On research sprints to solve COPs: there are nuances to speed. Optimising for paper writing speed for example doesn't make sense, nor would treating the problems as Leetcode puzzles you can grind. The kind of speed we're optimizing for is closer to rate of exploration: how can we reduce our key uncertainties in a topic as quickly as possible? Can we discover all the mistakes and dead-ends ASAP to crystallize the topic's boundaries rapidly? Can we factor the open question into two dozen subquestions, each clearly doable in one sitting, and if so, how many of them can we do in a given timeframe? The crucial point is this: moving around produces information. We want to ruminate on questions in the middle of coding them up, develop the habit of thinking through problems in the space of a Jupyter notebook, and shrink this loop until it becomes second-nature. We have also emailed Neel Nanda and Joseph Bloom about our project and aim to get their advice, so we won't veer too far off course while still learning to walk on our own.

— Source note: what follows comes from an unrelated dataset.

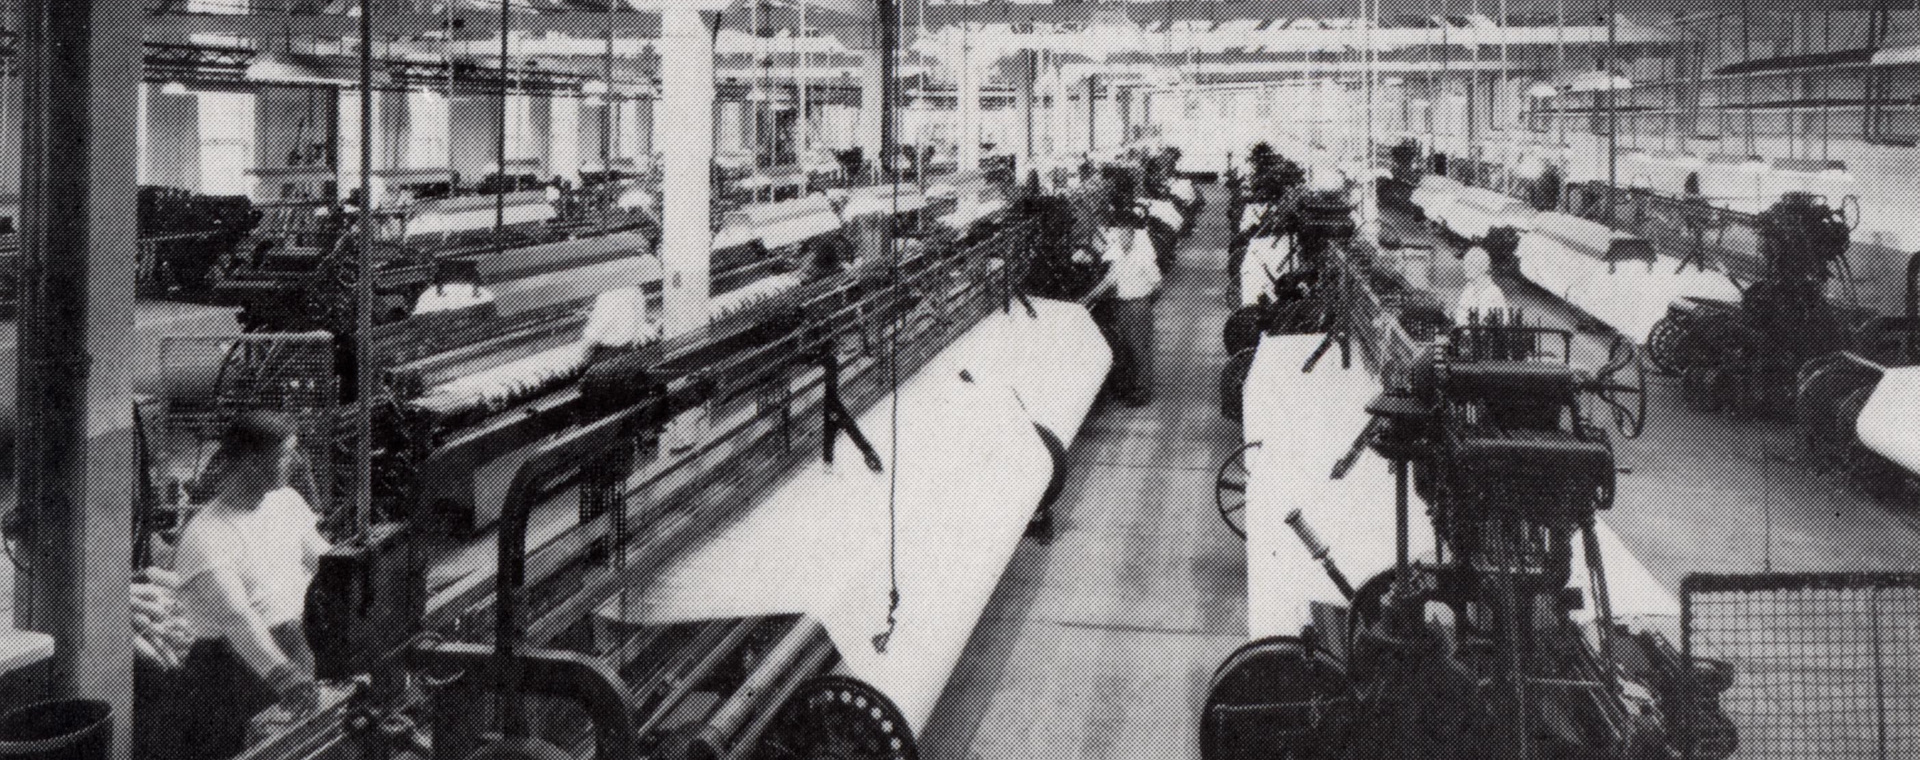 Un sol d'usine avec plusieurs rangées de machines à tisser.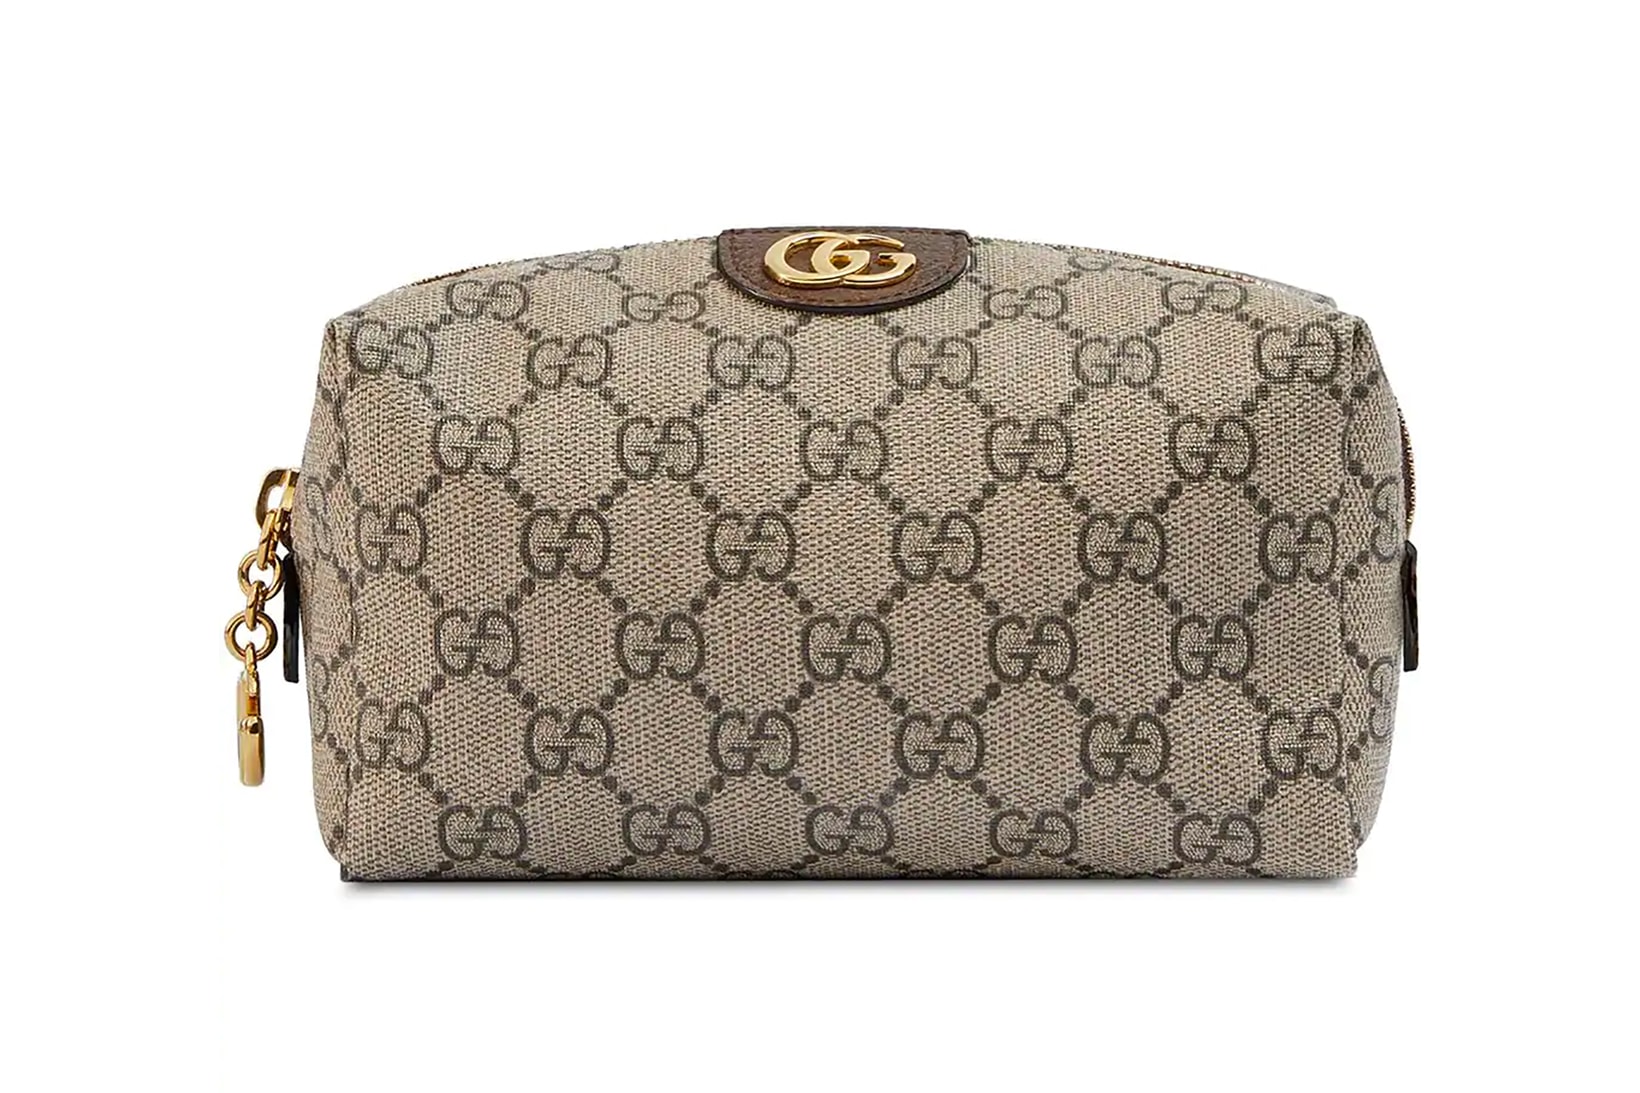 Gucci Top Zip Backpack Monogram GG Beige/Brown

On mentorship, we expect to do well enough in the training phase, but we likely need more mentorship in the research phase. That's why we're going to get a research adviser. During the research phase, the students will (mostly) get advice from Clark and Kriz, while we take advice from a research adviser. The goal is eventually to train ourselves and/or get enough people on our team so that we can confidently do the advising ourselves. This is also why we're adopting the flipped classroom model: we'll only have to produce/curate the learning materials once, and then just focus on getting them to do exercises. We're quite confident this is doable as Clark has taught classes of more than 40 people before.
Let us know if you have more thoughts or questions!